Scientific classification
- Kingdom: Animalia
- Phylum: Chordata
- Class: Actinopterygii
- Division: Teleostei
- Order: Acanthuriformes
- Family: Pomacanthidae
- Genus: Holacanthus
- Species: H. ciliaris
- Binomial name: Holacanthus ciliaris (Linnaeus, 1758)
- Synonyms: Chaetodon ciliaris Linnaeus, 1758 ; Angelichthys ciliaris (Linnaeus, 1758) ; Chaetodon squamulosus Shaw, 1796 ; Chaetodon parrae Bloch & Schneider, 1801 ; Holacanthus coronatus Desmarest, 1823 ; Holacanthus formosus Castelnau, 1855 ; Holacanthus iodocus Jordan & Rutter, 1897 ; Angelichthys iodocus (Jordan & Rutter, 1897) ; Holacanthus lunatus Blosser, 1909 ;

= Queen angelfish =

- Authority: (Linnaeus, 1758)
- Conservation status: LC

Species of marine angelfish

The queen angelfish (Holacanthus ciliaris), also known as the blue angelfish, golden angelfish, or yellow angelfish, is a species of marine angelfish found in the western Atlantic Ocean. It is a benthic (ocean floor) warm-water species that lives in coral reefs. It is recognized by its blue and yellow coloration and a distinctive spot or "crown" on its forehead. This crown distinguishes it from the closely related and similar-looking Bermuda blue angelfish (Holacanthus bermudensis), with which it overlaps in range and can interbreed.

Adult queen angelfish are selective feeders and primarily eat sponges. Their social structure consists of harems which include one male and up to four females.
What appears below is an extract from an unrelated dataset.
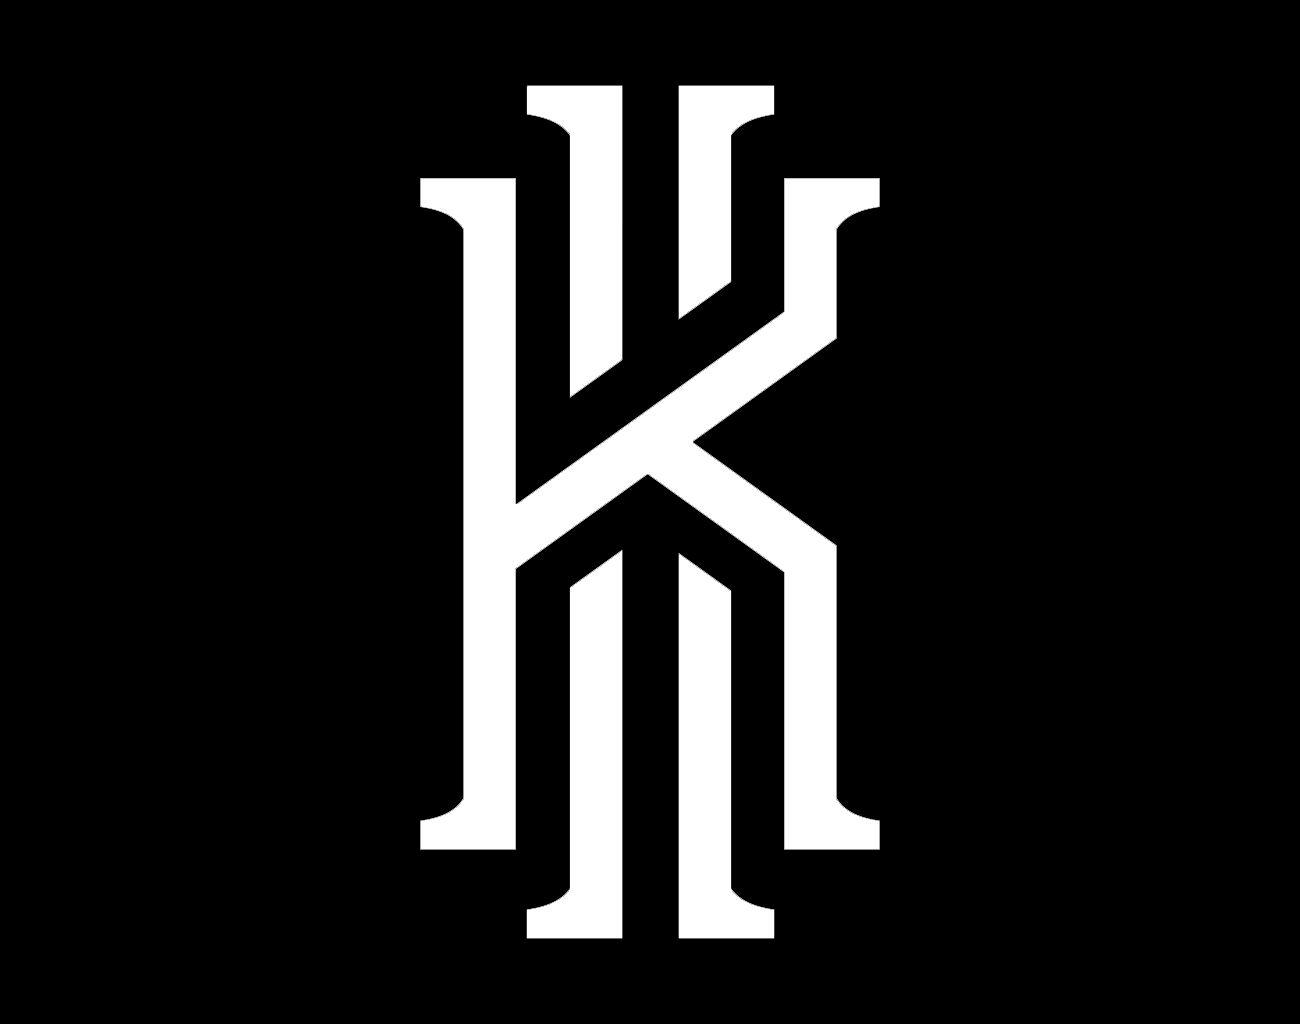 Symbol Kyrie Irving Kyrie Irving Logo Wallpaper Kyrie Irving Logo Kyrie Irving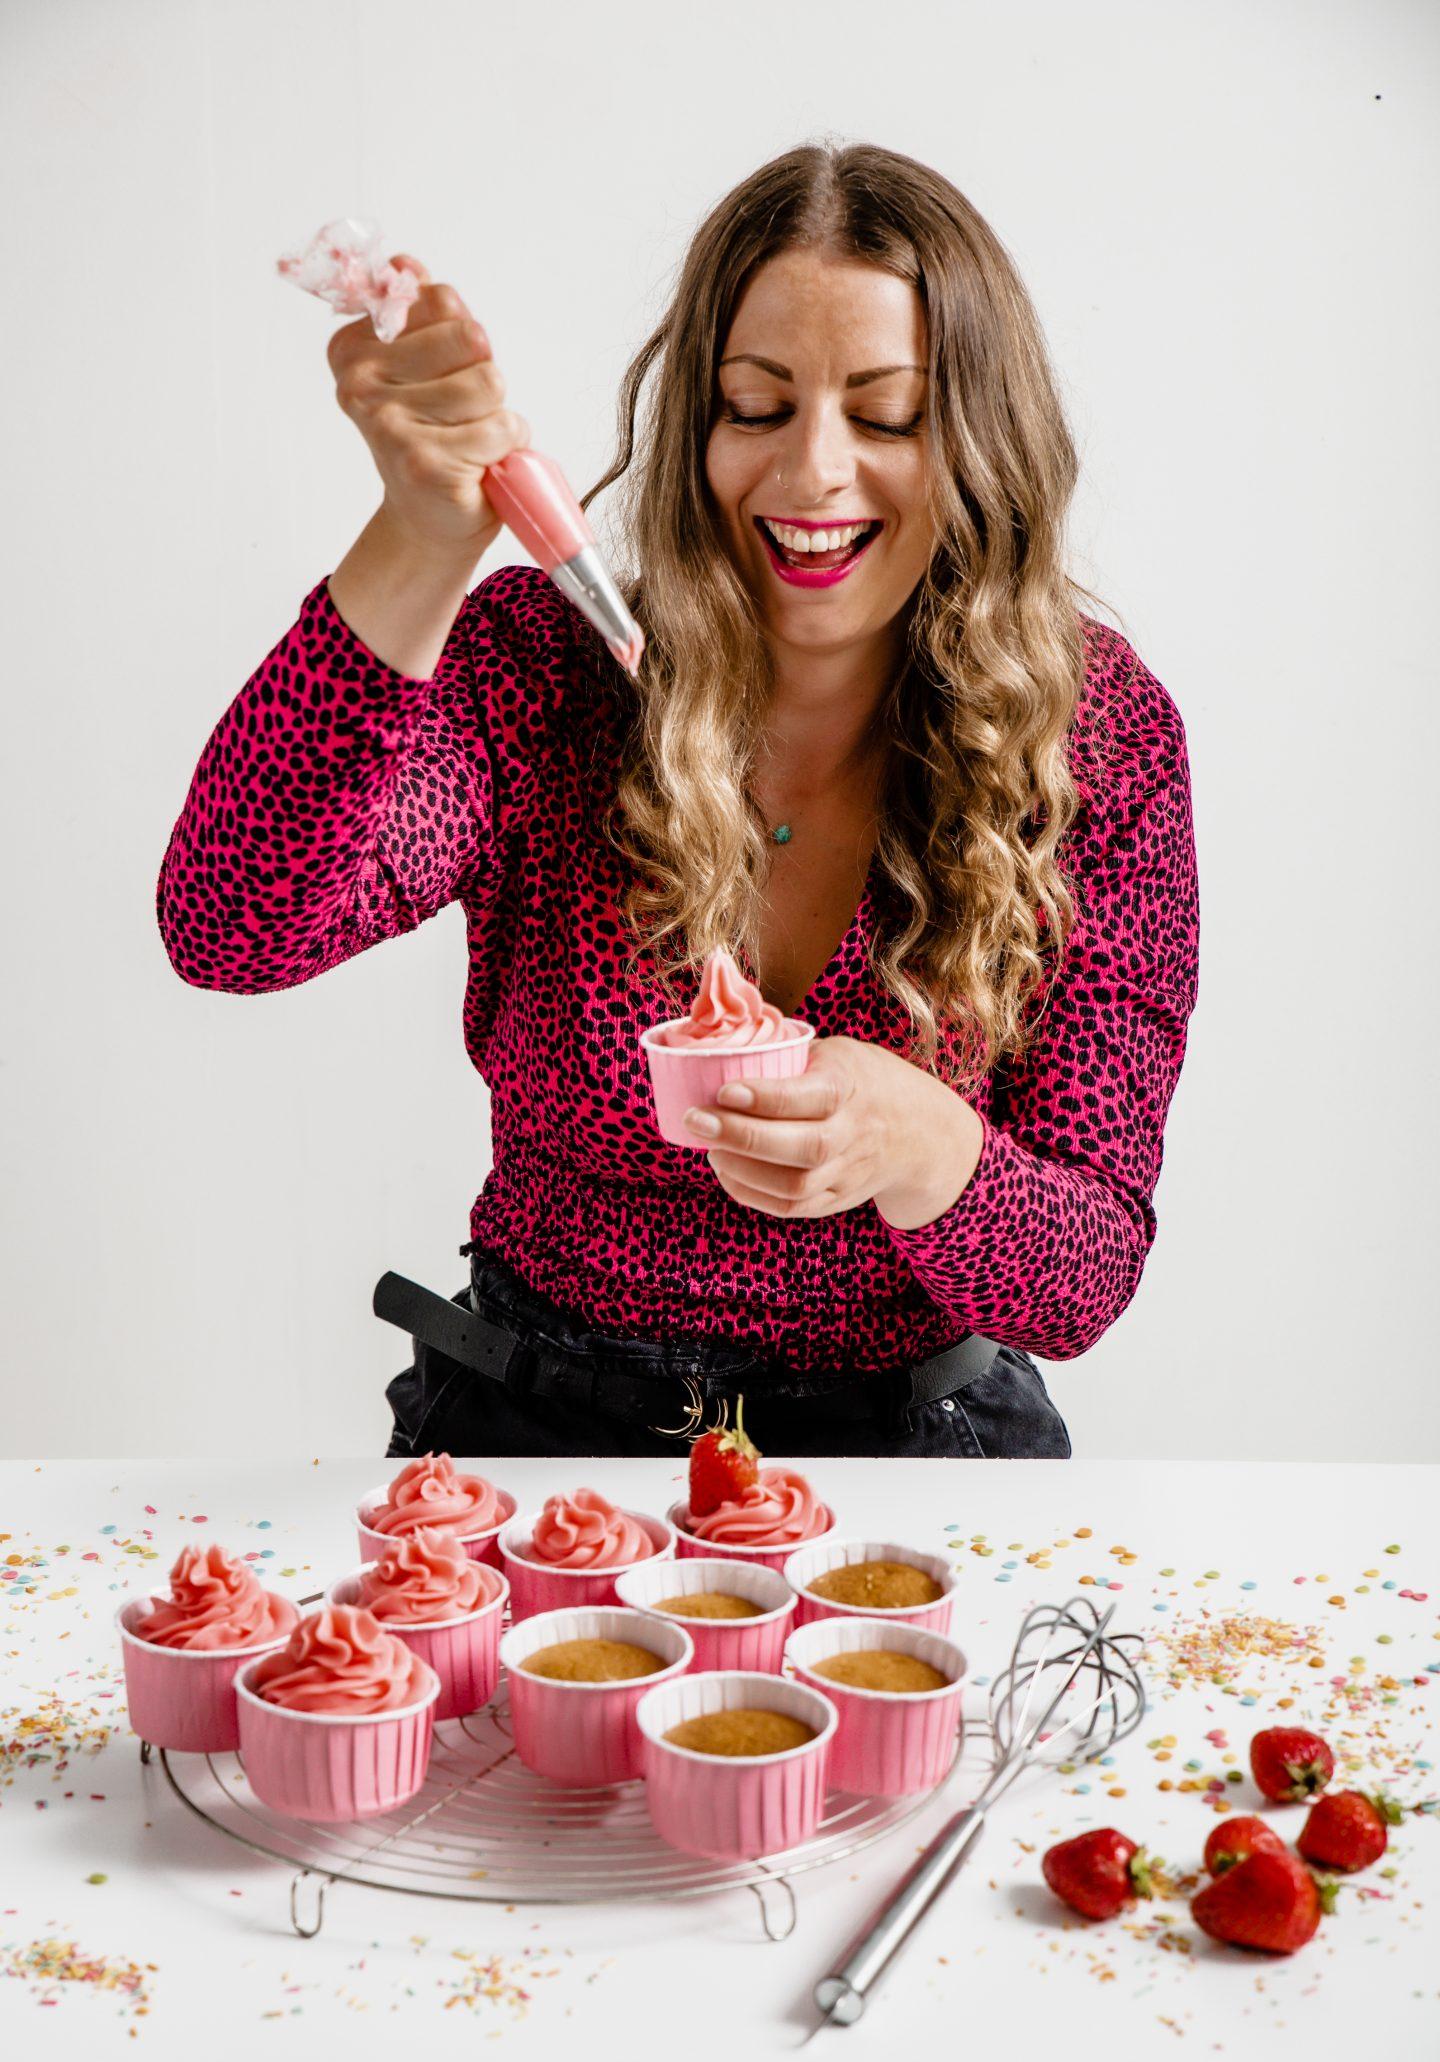 sarah howells the gluten free blogger

They live within a territory where the females forage separately and are tended to by the male. Breeding in the species occurs near a full moon. The transparent eggs float in the water until they hatch. Juveniles of the species have different coloration than adults and act as cleaner fish.

The queen angelfish is popular in the aquarium trade and has been a particularly common exported species from Brazil. In 2010, the queen angelfish was assessed as least concern by the International Union for Conservation of Nature as the wild population appeared to be stable.

==Taxonomy==
The queen angelfish was first described as Chaetodon ciliaris in 1758 by Carl Linnaeus in the 10th edition of his Systema Naturae, with the type locality given as the "Western Atlantic/Caribbean". In 1802 it was moved by French naturalist Bernard Germain de Lacépède to the genus Holacanthus, the name of which is derived from Ancient Greek ὅλος (hólos), meaning "full", and ἄκανθα (ákantha), meaning "spine". Its specific name ciliaris means "fringed", a reference to its squamis ciliatis ("ciliate scales"). Other common names for the species include "blue angelfish", "golden angelfish" and "yellow angelfish".

Marine angelfish of the genus Holacanthus likely emerged between 10.2 and 7.6 million years ago (mya). The Guinean angelfish (Holacanthus africanus), which is found off the coast of West Africa, is sister to all other species in the genus, indicating that the lineage colonized the Atlantic from the Indian Ocean. The closure of the Isthmus of Panama 3.5–3.1 mya led to the splitting off of the Tropical Eastern Pacific species. The closest relative and sister species of the queen angelfish is the sympatric and similar Bermuda blue angelfish (H. bermudensis), from which it split around 1.5 mya. They are known to interbreed, producing a hybrid known as the Townsend angelfish which has features similar to both parent species. The Townsend angelfish is fertile, and individuals can breed both with each other and with the two parent species.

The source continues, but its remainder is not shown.